The lonely brain
Updated: Mar 25
If we’ve learned nothing else this past year, with the forced social distancing, the isolation, the near constant digital interactions, we’ve learned that humans are social creatures. We thrive most when we are amongst our preferred people. In fact, turns out, we actually don’t stay as well as we can when we don’t get our social fix.
Now, I know that some of you don’t feel as though you need to have 374 friends with you at most hours of the day; some of you are happiest with your one or two besties. And I know you are not all itching to go out every weekend evening, buzzing about in your social circle. Each person has their own degree of need of socialness, for interaction with others, for connections, as well as for their preferred mode of communications. We’ve talked about this: it is very important to know what your personal needs are for social connections and do your best to meet those needs, work- and partner- commitments notwithstanding.
Loneliness, turns out, is a feeling that is akin to a perceived threat to our system. Our brains are evolved to the point that they expect social interactions and connections with others. In short, our brains are most functional when we are around other people. This is not so much about introversion or extroversion (which are more of a social preference and a source of mental energy); but rather, focusing on the abilities and functions of your brain: it likes people, and it likes regular interactions with people. Throughout our history as a species, those who are close to others, those who rely on others for survival ultimately enjoy the most successes. When one is alone, they have to do all of the work – both mental and physical – and that can be very taxing. Socialness is therefore equated with greater success and less stress.
The lonely brain spends increased energy dealing with perceived threats and vigilantly guarding against danger. The lonely brain amplifies demands and potential triggers to be even more dangerous than they might actually be, and significantly more dangerous than if we were with others. Even the very sense of feeling lonely is perceived as a stressor, and triggers the release of stress hormones. So the lack of social connections makes us feel exaggerated feelings of stress.
Social connections provide us with support. Our people, our communities provide us with emotional support and peer influence. Even the most competitive of people rely on the presence of others; in fact, maybe even more so because if you are alone, against whom would you compete, right? Recently studies have shown that when the lonely brain is blasted with stressors, the response is significantly greater than if the stressors are pushed at a brain with a buddy nearby. In fact, the brain with a buddy experienced not just a reduced stress response, but also had a much greater flow of blood to the entire brain, indicating a relaxed and cognitive response. Take away: when you are within your normal and preferred social circle, you do not get as activated by stress as you would when you are alone.
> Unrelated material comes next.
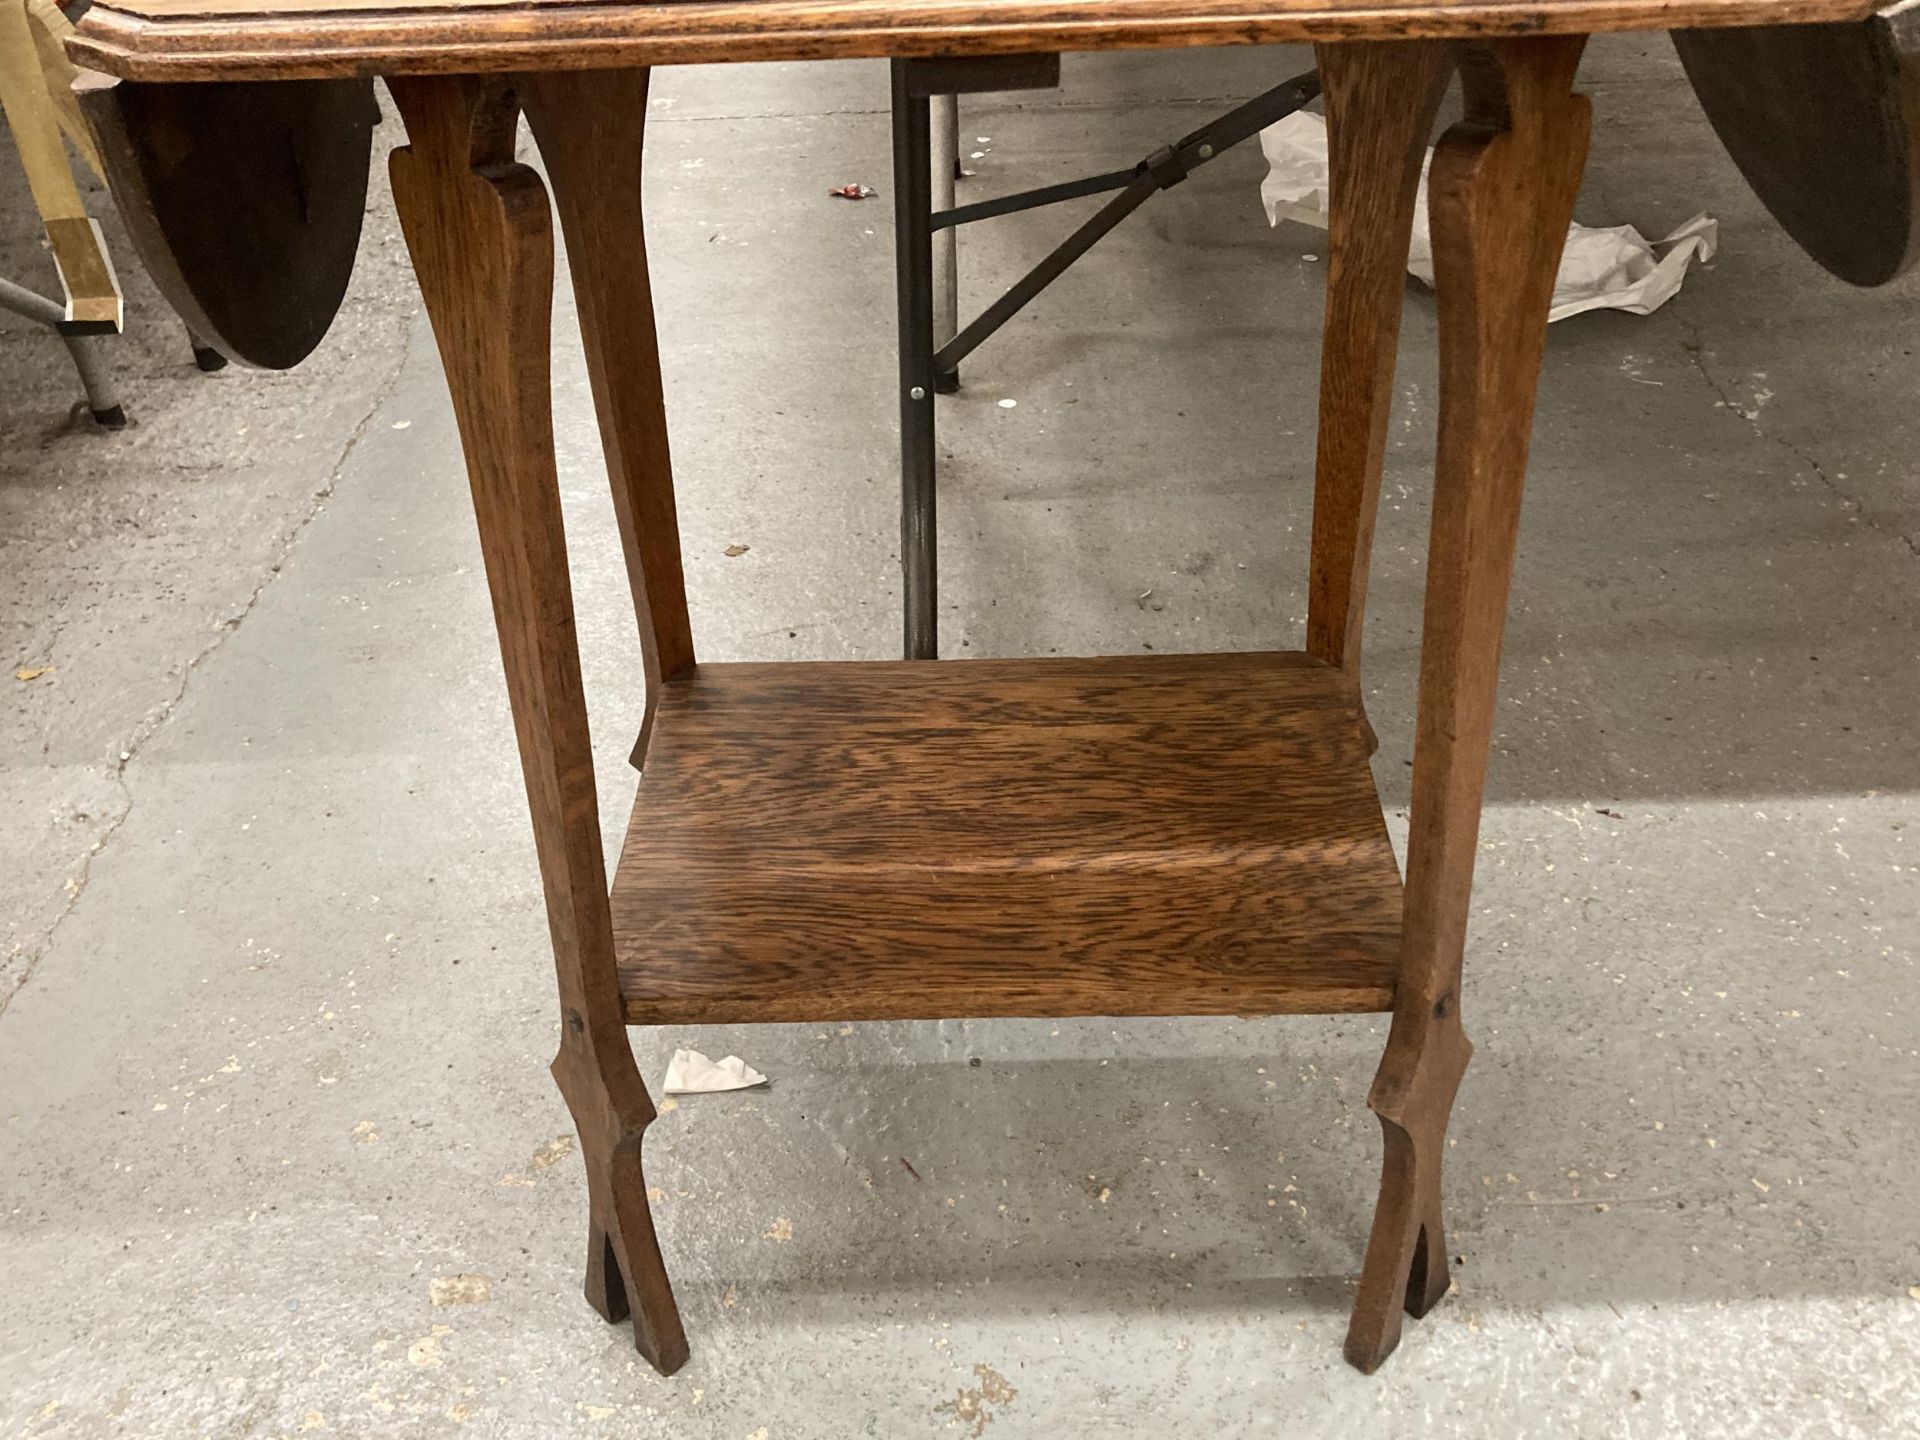 AN ARTS AND CRAFTS OAK SIDE TABLE - Image 3 of 3

Another study showed that being alone for 10 hours can result in reduced brain activity and a stress response that is the same as not eating for 10 hours. Socially ‘starving’ hits your brain just as much as actual hunger.
Your social circle doesn’t necessarily need to consist of other humans; pets have been shown to benefit our emotional and physical wellness, as well. Whether you are a cat person or a dog person, or prefer your pets to be with scales or feathers, regular interactions with a loved and loving pet offer great benefits. Pet owners are generally more calm and happier, with reduced stress hormone levels, and are often more physically fit, too, as many pets entail regular exercises. Pet owners, especially children, tend to have higher levels of empathy and self-esteem, as well as fewer behavioral problems. Pets offer a benefit for your social circle, too, by serving as an invitation for others to interact; pet owners often interact with other pet owners, by either meeting while out on a walk, or through conversation and finding similarities. You can bond over your pet’s antics while chatting at work, opening doors to greater social connections.
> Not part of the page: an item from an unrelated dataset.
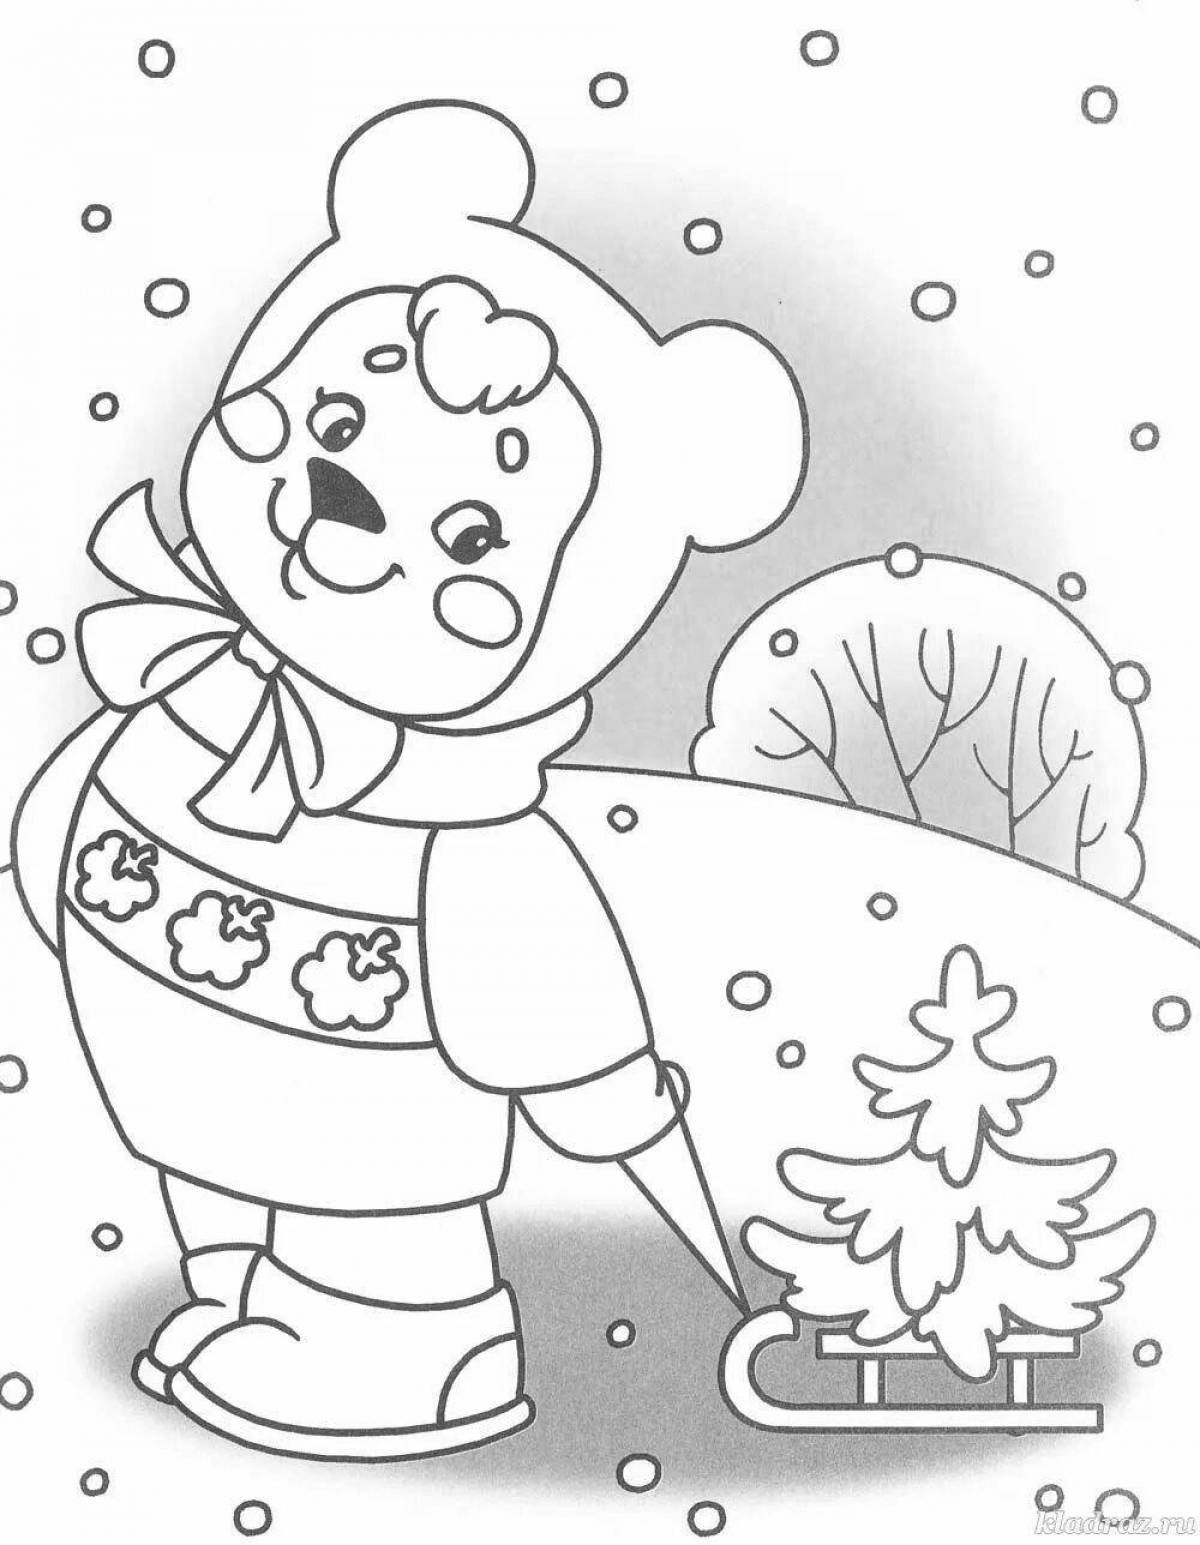 Whimsical winter coloring book for 3-4 year olds

Pet ownership also comes with more responsibilities which can offer opportunities for chores for kids, sure, but also the responsibilities of pet ownership are often reflected in increased success with preventative self-care tasks as well, like checking blood sugar for diabetics or taking medication that is required.
So. Social connections offer far more than just friends on our social media accounts and a source of ‘likes’. As I say, one cannot have too many friends. Spend some time with your BFF, your furry family members, or your favorite groups. You will literally be better off wellness-wise for it.